HCV infection is sensed by cellular pathogen recognition receptors (PRRs) and can cause interferon (IFN) production. IFN-mediated signaling leads to expression of IFN-stimulated genes (ISGs), many of which exhibit antiviral effects (reviewed in [33, 34]). To address whether HCV infection is associated with IFN responses, including ISG upregulation in this dataset, we assessed the expression levels of ISGs in the liver. As shown in Fig. 3c, 18 out of the 62 genes significantly upregulated in HCV-positive compared to HCV-negative livers were ISGs. Moreover, the abundance of HCV RNA (Fig. 3a) clearly correlated with the expression levels of these 18 ISGs (Fig. 3d; p = 2.2e−16 by linear regression test). Moreover, gene ontology (GO) enrichment analysis of the differentially expressed genes (DEGs) between HCV-positive and HCV-negative livers indicated that the genes associated with “type I interferon signaling pathway,” “defense response to virus,” and “viral process” were highly upregulated in the HCV-positive livers (Fig. 3e). Altogether, these findings are consistent with previous findings [33, 34] and verify the biological significance of the results by our analytic pipeline.

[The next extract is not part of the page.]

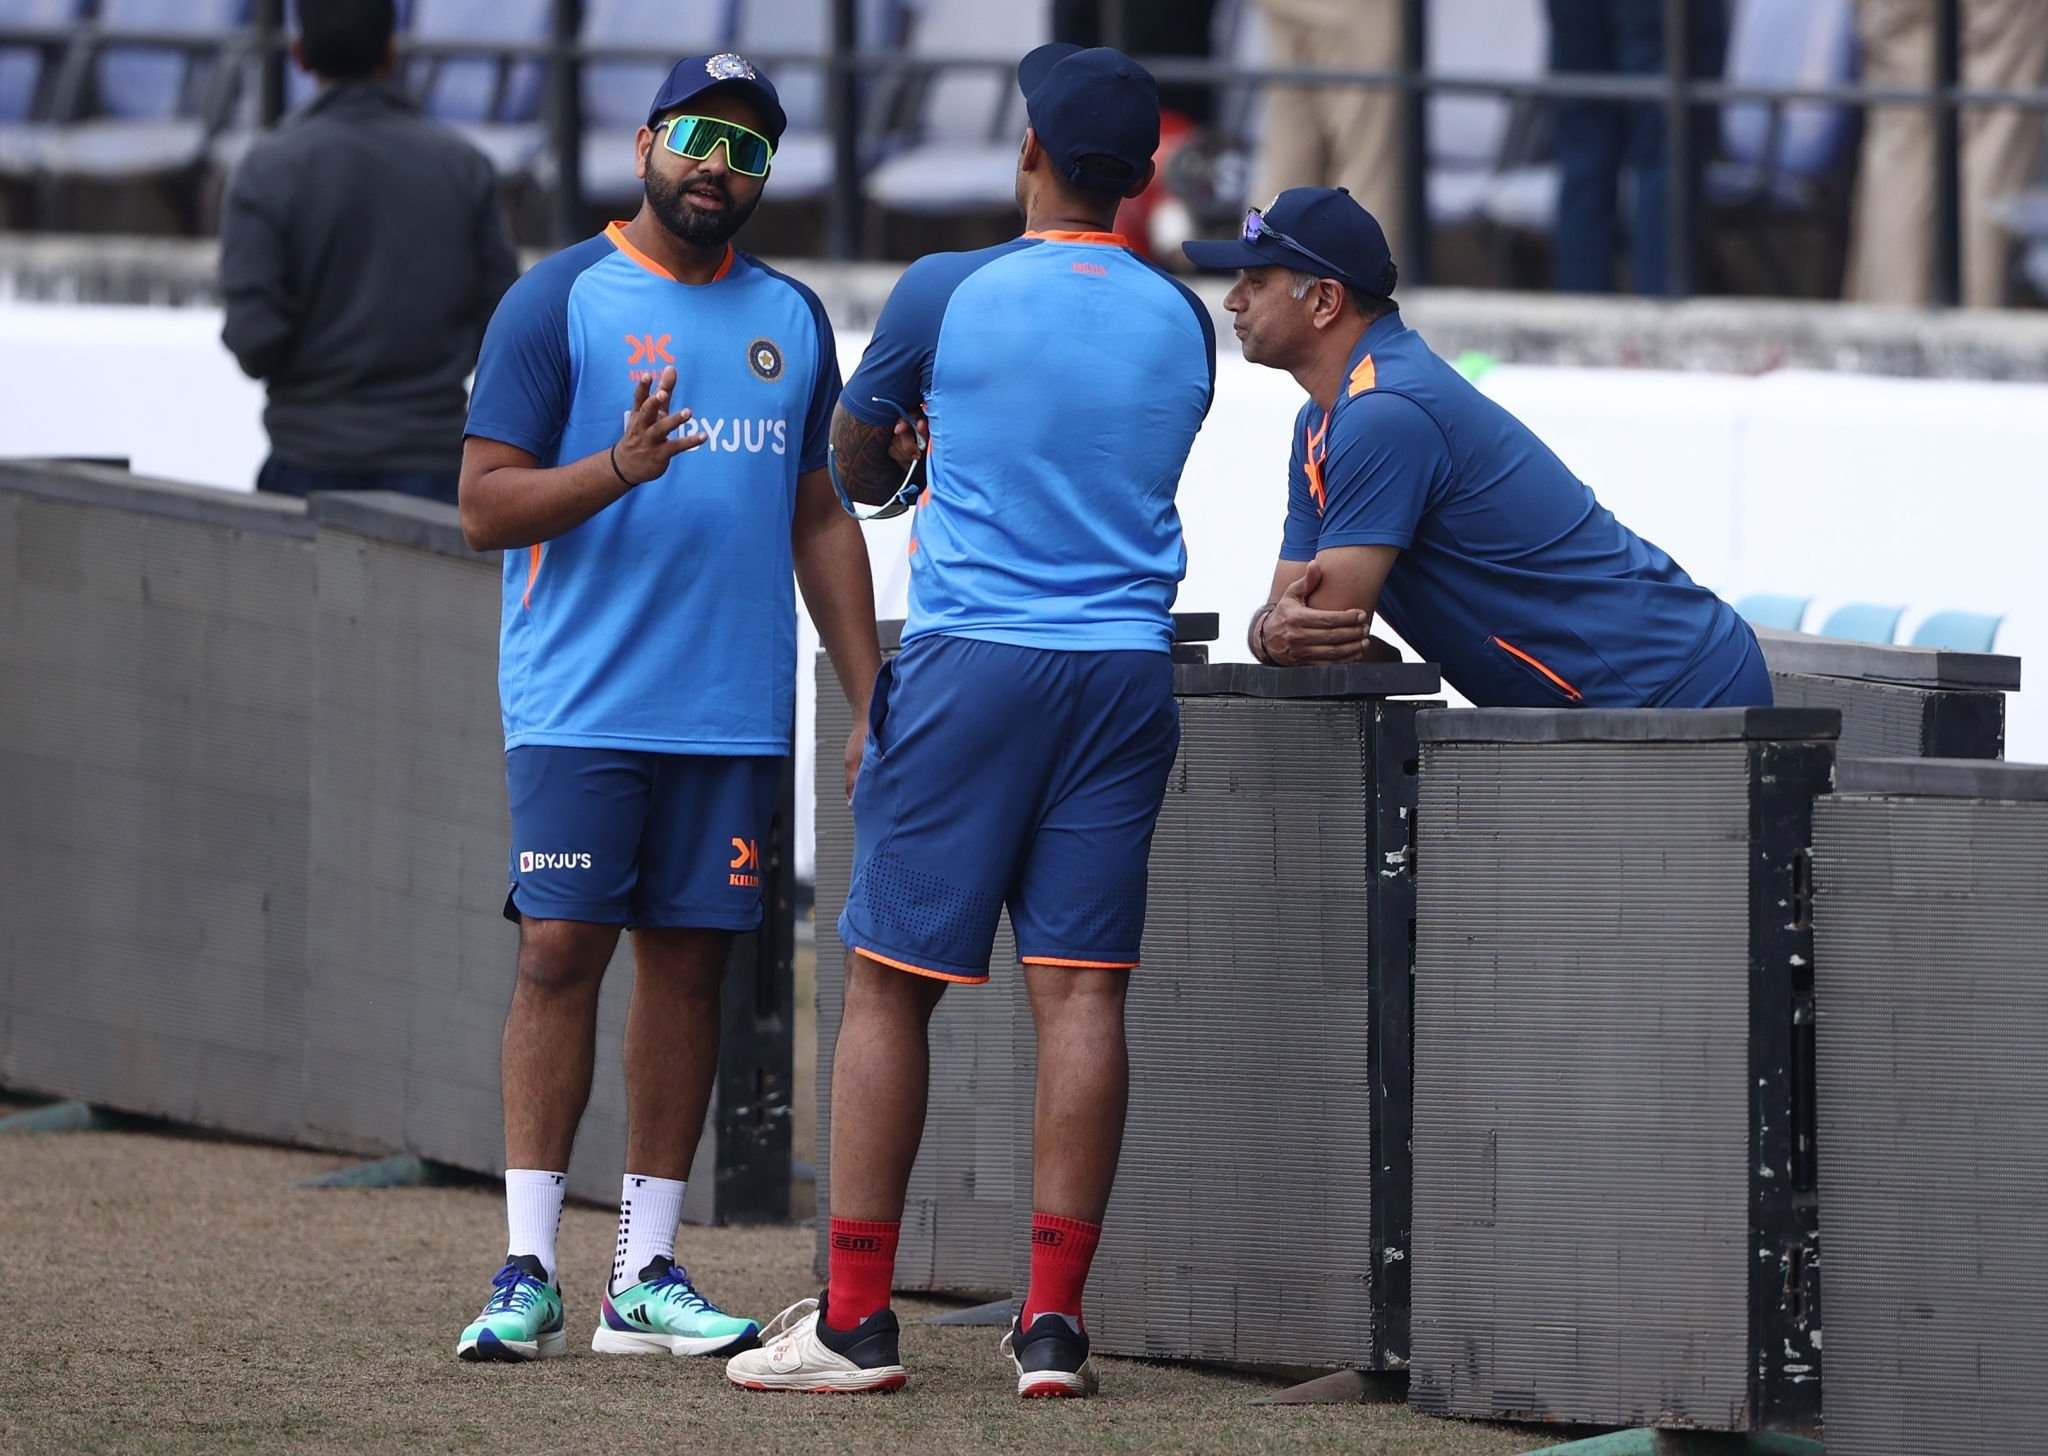 India Memainkan XI vs Australia: Seri dipertaruhkan, Rohit Sharma mempercayai XI yang sama meskipun Vizag merendahkan, Peluang TERAKHIR untuk Suryakumar Yadav - Ikuti IND vs AUS LIVE

Based on the following two hallmarks, histological observations suggesting hepatitis (Fig. 3b) and upregulation of ISGs (Fig. 3c and d), the detection of HCV reads is a good chance to validate the specificity and sensitivity of our analytical pipeline. To validate the performance of our computational pipeline, we compared ours with the other three computational pipelines, Kraken , CLARK , and Kaiju , which have been previously reported as computational pipelines to identify viral sequences from NGS data. As shown in Additional file 7: Figure S2, these three pipelines detected HCV reads from the three HCV-positive samples (sample IDs: ZAB4, 13SLX and 139TS) identified by our pipeline. However, CLARK and Kraken detected tremendous amounts of HCV reads from all liver samples (Additional file 7: Figure S2). Taken together with the fact that the prevalence of HCV infection worldwide is less than 5% , these results suggest that the results obtained by CLARK and Kraken contain many false-positive hits, and these pipelines are relatively less specific for at least HCV in the dataset used in this study. On the other hand, the result obtained by Kaiju was similar to that by our pipeline (Additional file 7: Figure S2). Collectively, these results strongly support the validity of our analytical pipeline.
EBV infection in human plasma cells
We next focused on EBV, the most broadly detected virus in multiple individuals (Fig. 2, right). EBV is classified into the family Herpesviridae, genus Lymphocryptovirus, and possesses a double-stranded circular DNA (~ 172 kb) genome. EBV is known as the causative agent of infectious mononucleosis and some malignant diseases such as Burkitt lymphoma and post-transplant lymphoproliferative disorder. However, more than 90% of adults are positive for EBV, leading to the concept that EBV chronically infects humans without causing serious disease . Although EBV preferentially infects human leukocytes, particularly B cells , EBV was broadly detected in various tissues (Fig. 2, left). This result may be attributed to the residual blood in each tissue even after the perfusion process, or to tissue-resident cells from the B cell lineage .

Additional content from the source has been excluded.